In this case the trial judge concluded that appellant could not produce evidence at a trial which would warrant its recovery because of the waiver signed by Conrad at the closing. We hold that this “waiver” signed by Conrad cannot, as a matter of law, preclude a trial upon the issues raised by the verified complaint of appellant.
It is clear that the “waiver” if presented at the time of the closing as is alleged by appellant, as a part of many closing documents, may well be evidence of an overreaching on the part of McKinstry rather than barring recovery by appellant herein. At best, if it was presented as a part of the closing documents, it should be treated as an ineffective waiver and therefore of no force and effect. Because this Court concludes that the waiver may be evidence having a bearing on the factual issues between the parties, but is not of conclusive effect, the case must be reversed for proof upon the issues raised by Conrad’s complaint.
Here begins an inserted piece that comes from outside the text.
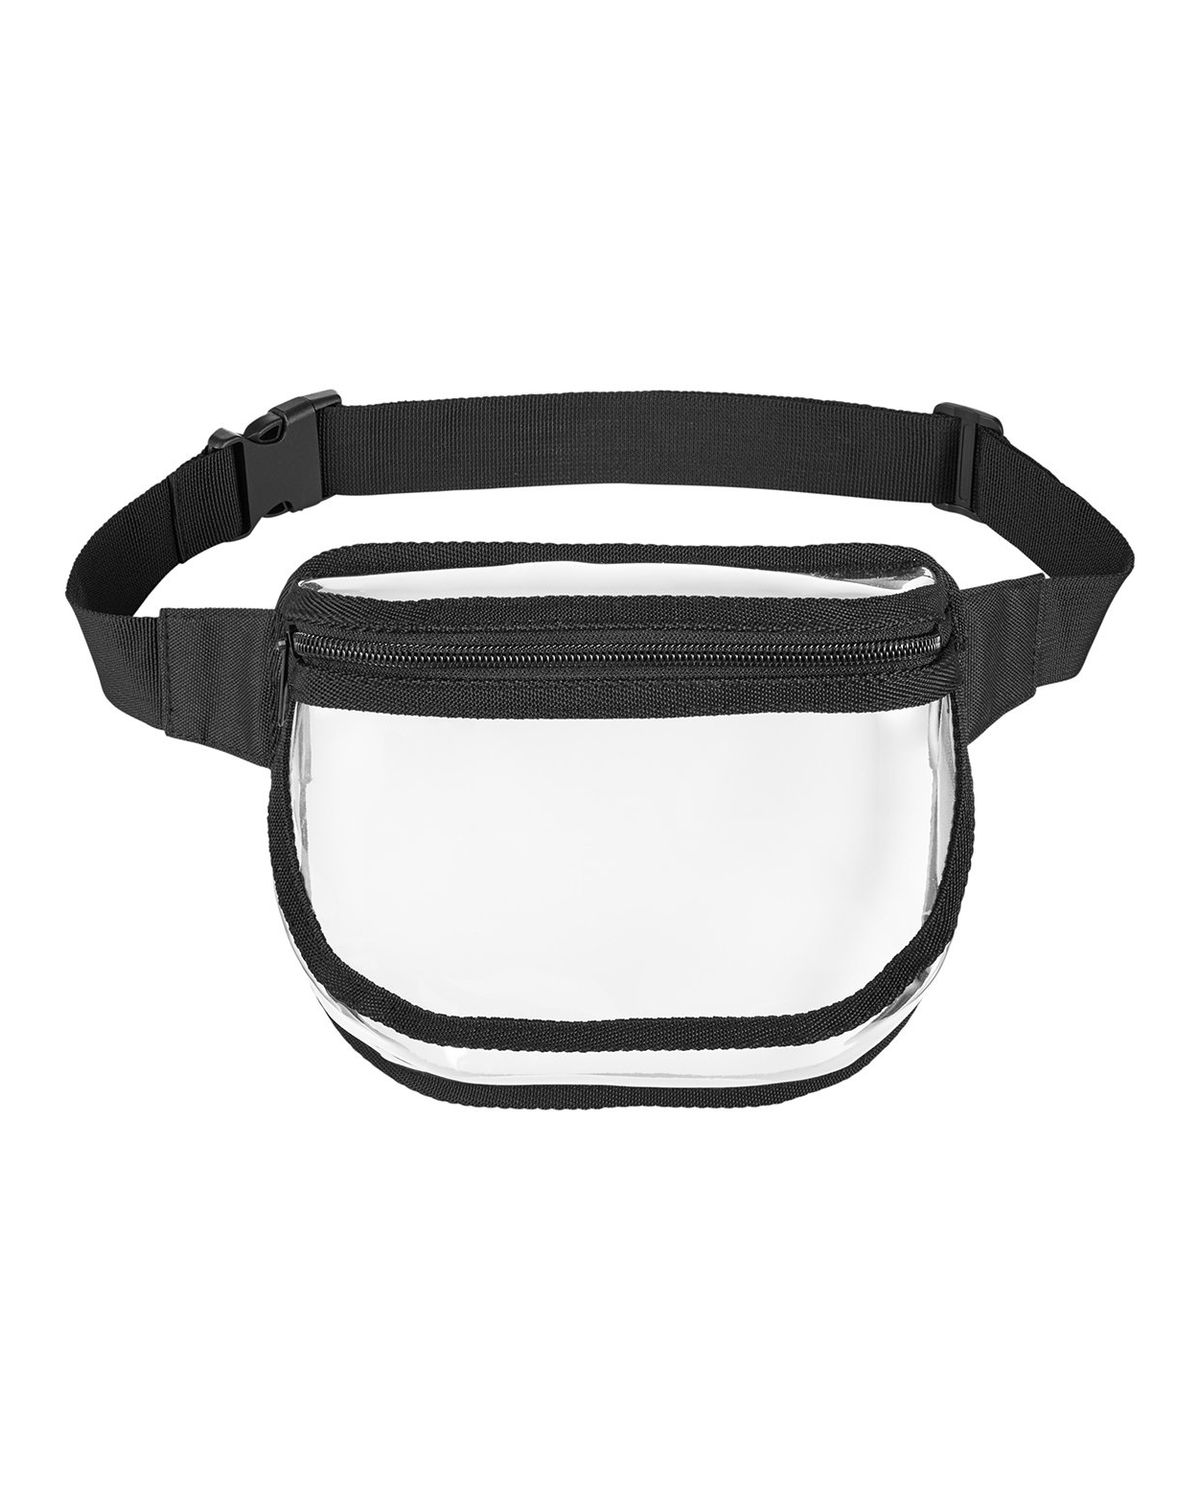 'BAGedge BE264 Unisex Clear PVC Fanny Pack'

This issue is governed by SCR 3.130, Kentucky Rules of Professional Conduct, Rule 1.7(b). Appellee asserts that the waiver executed by Conrad at the closing would constitute “a consent after consultation” under the rule. McKinstry was the spouse of Rood, had information with respect to the financial condition of Blackhorse, and disclosure of that information was essential to Conrad, just as it was essential to Blackhorse for it not to be revealed. There was no consent after consultation, because there was no consultation, nor could there be under the circumstances here presented. There could be no consent because McKinstry had an obligation under the rule to withdraw from representing both.
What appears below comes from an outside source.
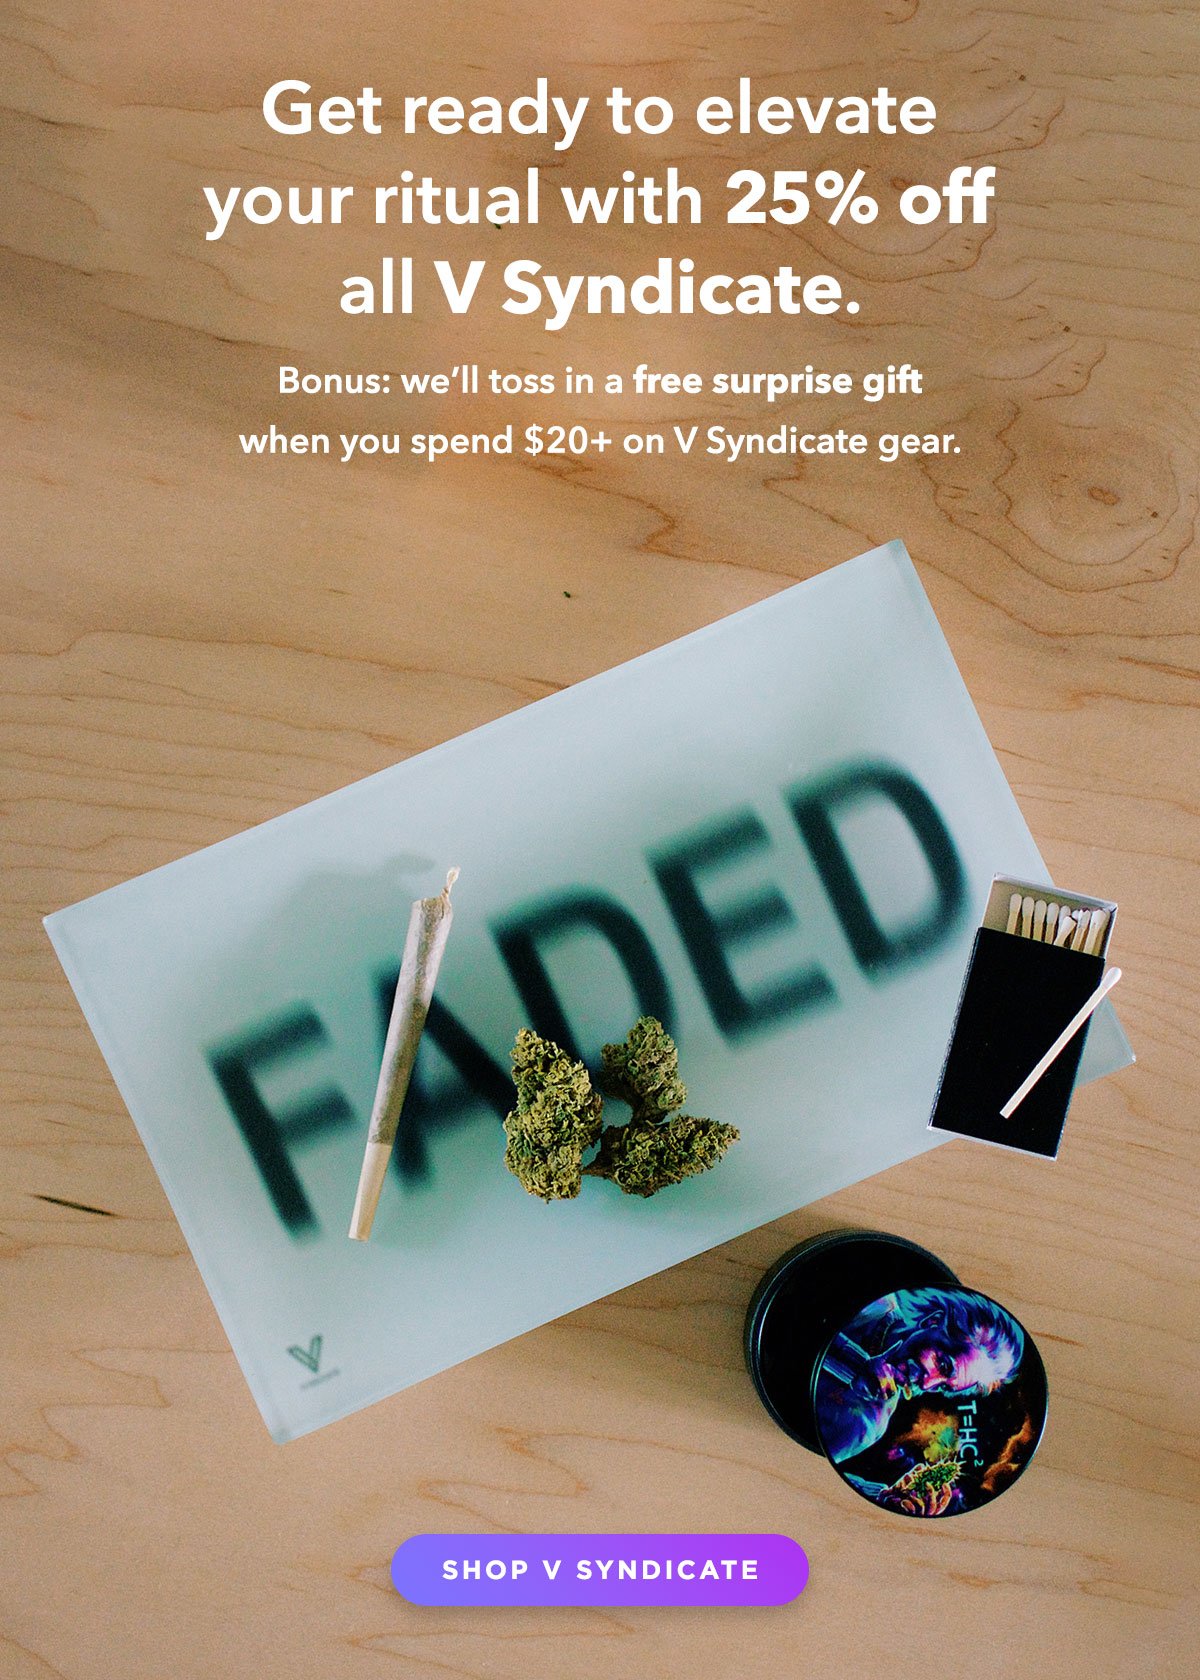 Get ready to elevate your ritual with 25% off all V Syndicate. Bonus: we’ll toss in a free surprise gift when you spend $20+ on V Syndicate gear.

Appellant also raises an issue as to the question of fraud which the trial judge found to be insufficiently alleged under CR 9.02. Count II of the complaint is headed FRAUD, it alleges that the acts of MeKin-stry in the acts complained of were fraudulent and that McKinstry “used and abused the trust and confidence” reposed in her by appellant. The allegations are sufficient to raise an issue as to the fraud of McKinstry.
The case is reversed and remanded for a trial of the issues raised by the verified complaint of Conrad.
LEIBSON and REYNOLDS, JJ., concur. LAMBERT, J., concurs in result only. SPAIN, J., dissents with a separate dissenting opinion in which COMBS and WINTERSHEIMER, JJ., join. STEPHENS, C.J., not sitting.